What happened last quarter?
About two and a half weeks prior to Apple reporting results, the average estimate for Q4 revenue was $36.39 billion and earnings per share of $8.91. By the Monday of the week Apple reported (it reported on a Thursday afternoon), estimates were down to $36.23 billion, and earnings of $8.85. By itself, that doesn't seem like much, but it is $160 million in revenue and six cents in earnings.
Then we had the whole iPad fiasco. While Apple was unveiling a new line of products, Tim Cook stated that Apple had surpassed the 100 million mark in iPad unit sales. Based on how many units had been sold prior to that quarter, this led many analysts to believe Apple only sold 15 million to 16 million iPads during the quarter. Earlier expectations were for about 18 million to be sold. As it was, Apple ended up selling just over 14 million.

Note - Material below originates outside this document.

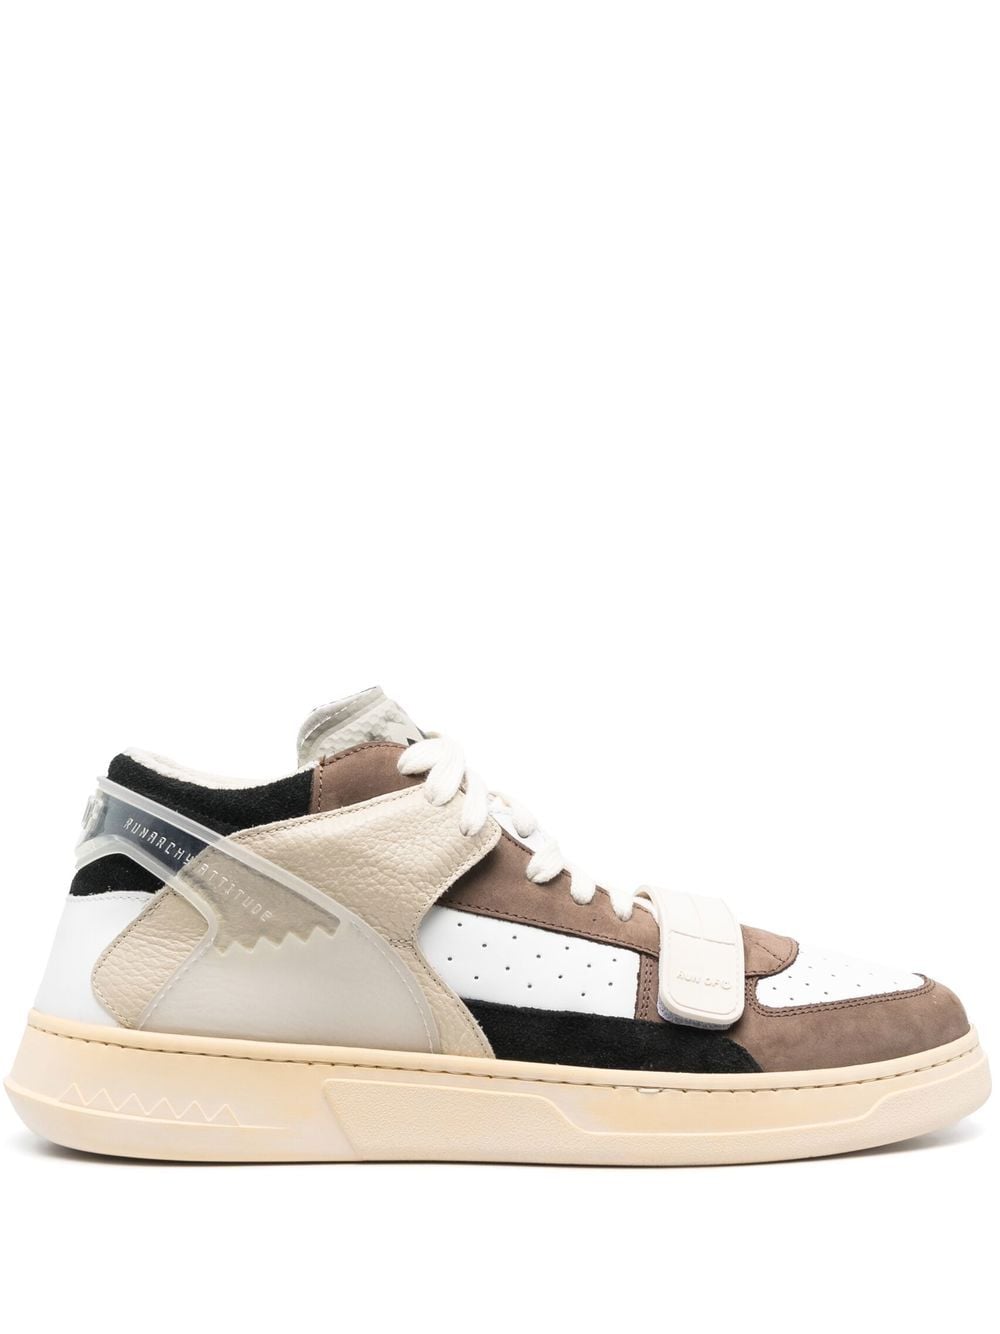 RUN OF touch-strap mid-top Sneakers - Farfetch
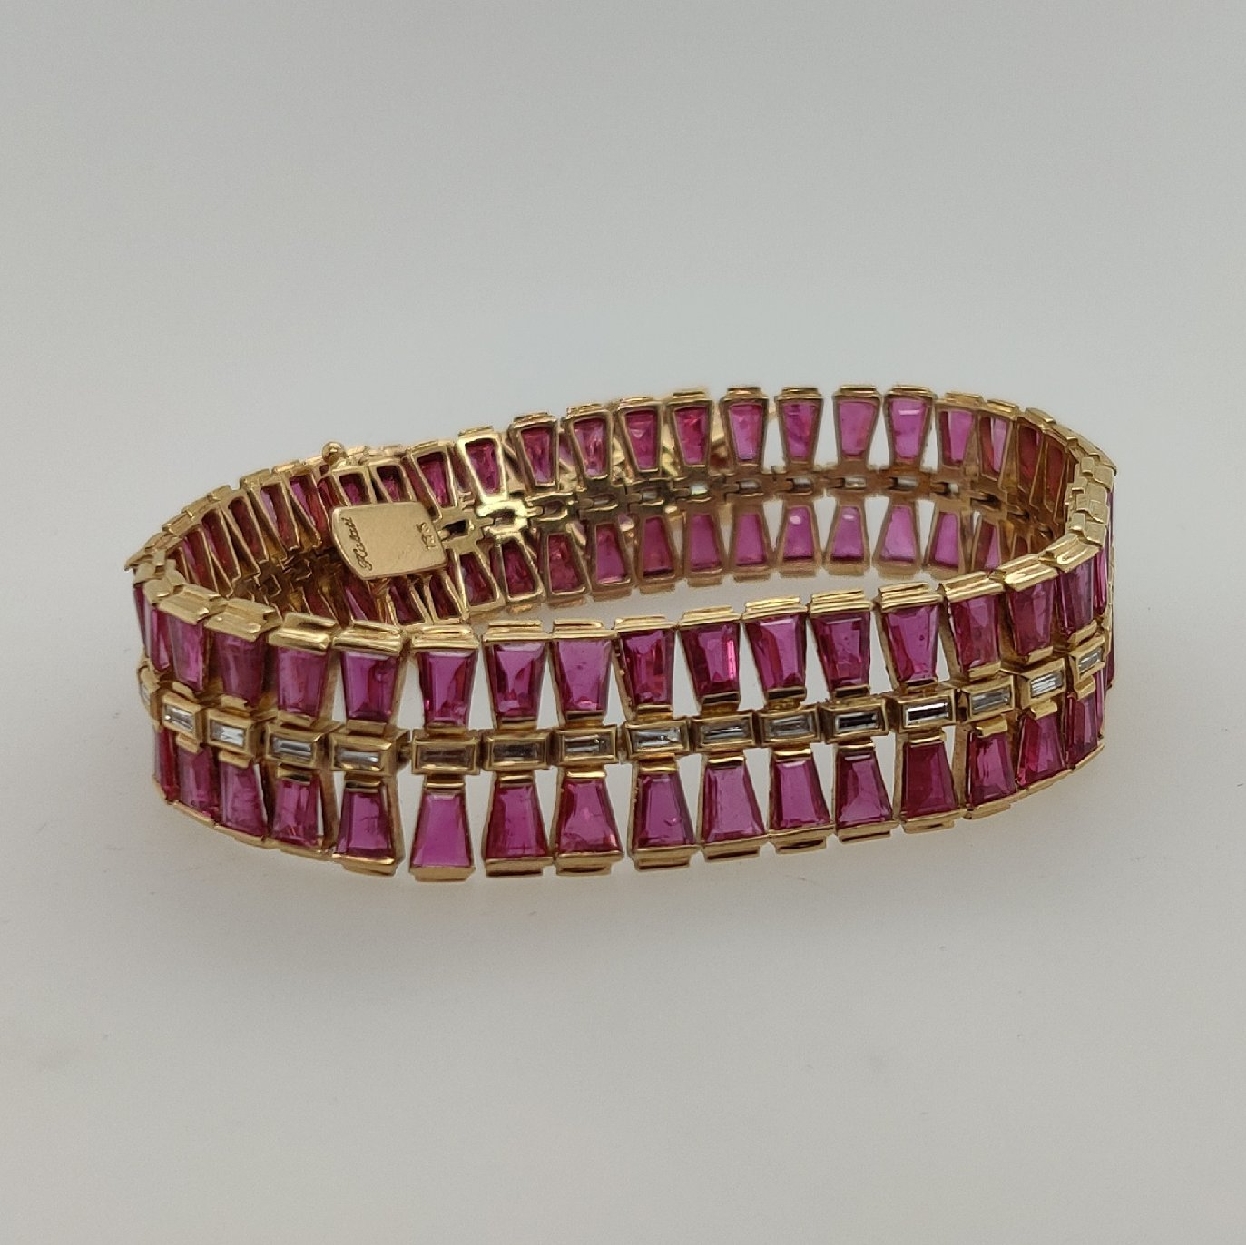 18k Yellow Gold Link Bracelet with 2 Rows of Ruby Baguettes and 1 Row of Diamond Baguettes 7 Inches 16.8 CTTW Rubbies

But the main issue is that everyone panicked when they heard that number, and it included the analyst community. All of a sudden, analysts quickly cut their iPad forecasts, which obviously meant they were cutting their revenue and earnings forecasts as well. By the time Apple reported its earnings, the average analyst estimate was down to revenue of $35.80 billion, and earnings per share of $8.75.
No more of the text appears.